Laboratory Tests[edit]

  • Imaging:
  • Transvaginal ultrasound to detect multiple ovarian follicles arranged in a "string of pearls" pattern.

Treatment[edit]

There is no cure for PCOS, but symptoms can be managed through a combination of lifestyle modifications, medications, and supportive therapies.
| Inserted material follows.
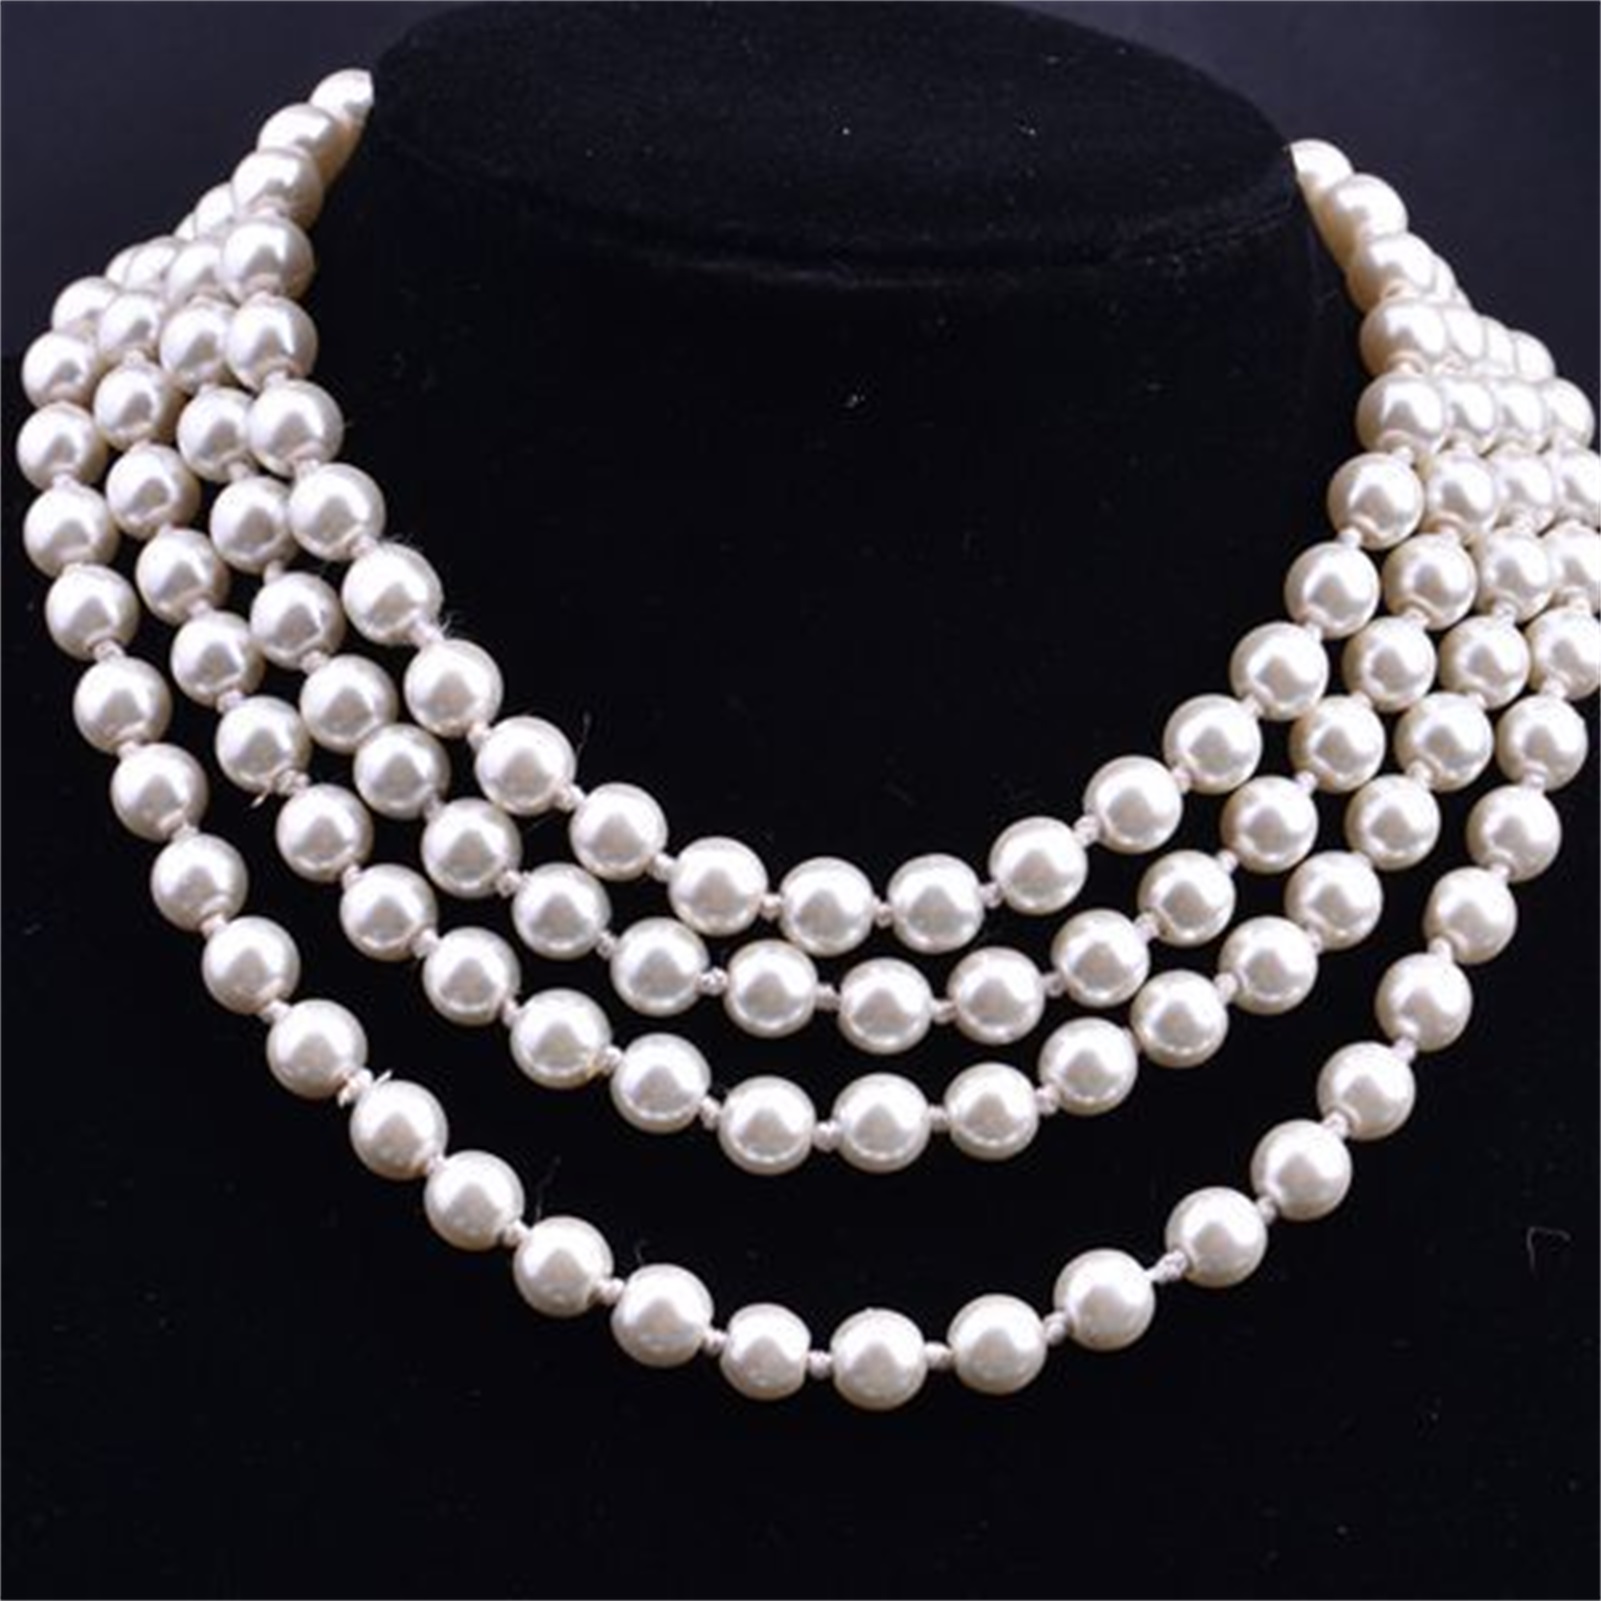 Meidiya 150cm Fashion Knot Simulated Pearl Necklace Tassel Multi-layer Long Chain Necklace Female Fashion Sweater Dress Accessories - image 3 of 8
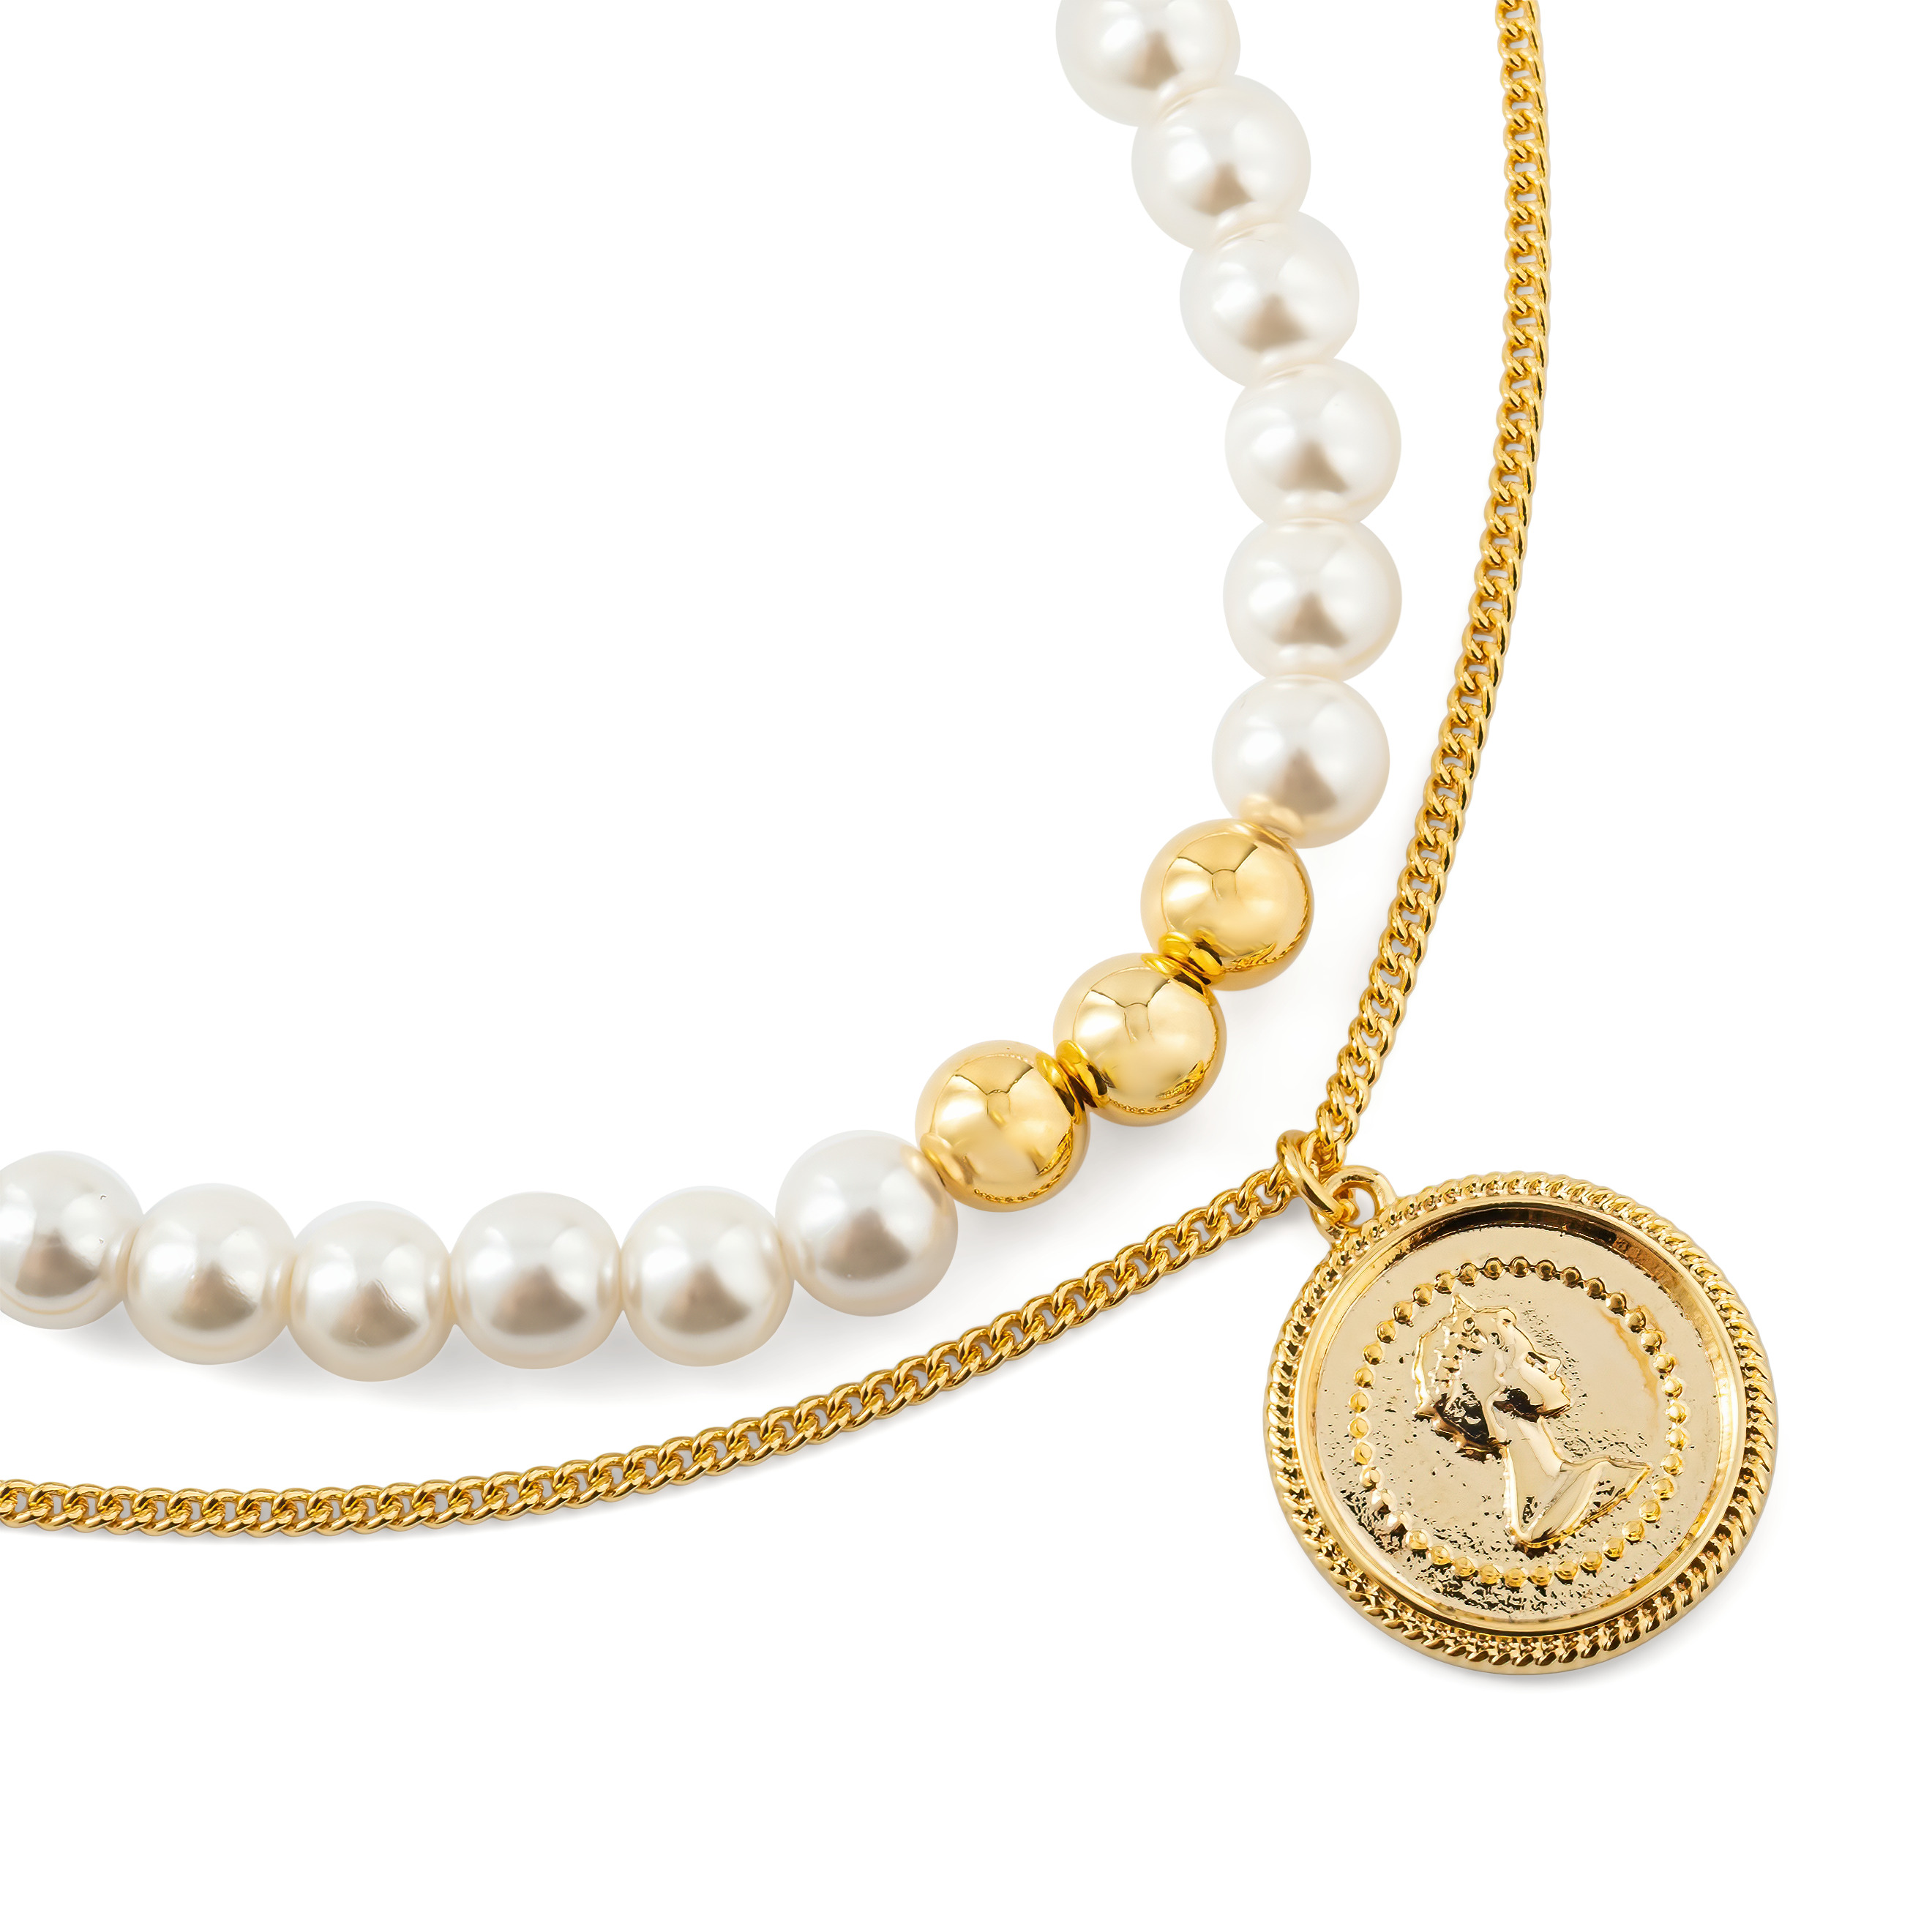 Double pearl necklace with medallion – buy at Poison Drop online store, SKU  44771.

Lifestyle Modifications[edit]

  • Dietary Changes:
  • A low-glycemic index (GI) diet helps improve insulin resistance.
  • Increased intake of fiber-rich foods, lean proteins, and healthy fats.
  • Exercise:
  • Regular aerobic exercise and resistance training improve metabolic health.
  • Weight loss of just 5-10% can significantly improve symptoms and fertility.

Medications[edit]

  • Hormonal Therapy:
  • Combined oral contraceptives regulate menstrual cycles and reduce androgen levels.
  • Anti-androgens (e.g., spironolactone, finasteride) help with hirsutism and acne.
  • Metformin:
  • A biguanide drug used to treat insulin resistance and reduce androgen levels.
  • Helps restore ovulation in some individuals.
  • Fertility Treatments:
  • Ovulation induction agents such as clomiphene citrate or letrozole.
  • In vitro fertilization (IVF) may be necessary in some cases.

Complications[edit]

PCOS is associated with several long-term health risks, including:

  • Reproductive Complications:
  • Infertility due to chronic anovulation
  • Increased risk of pregnancy complications such as gestational diabetes and preeclampsia.
  • Cancer Risk:
  • Prolonged exposure to unopposed estrogen increases the risk of endometrial hyperplasia and endometrial cancer.

Prognosis[edit]

PCOS is a lifelong condition, but its symptoms and complications can be effectively managed with proper treatment and lifestyle modifications. Early diagnosis and intervention improve outcomes and reduce the risk of complications.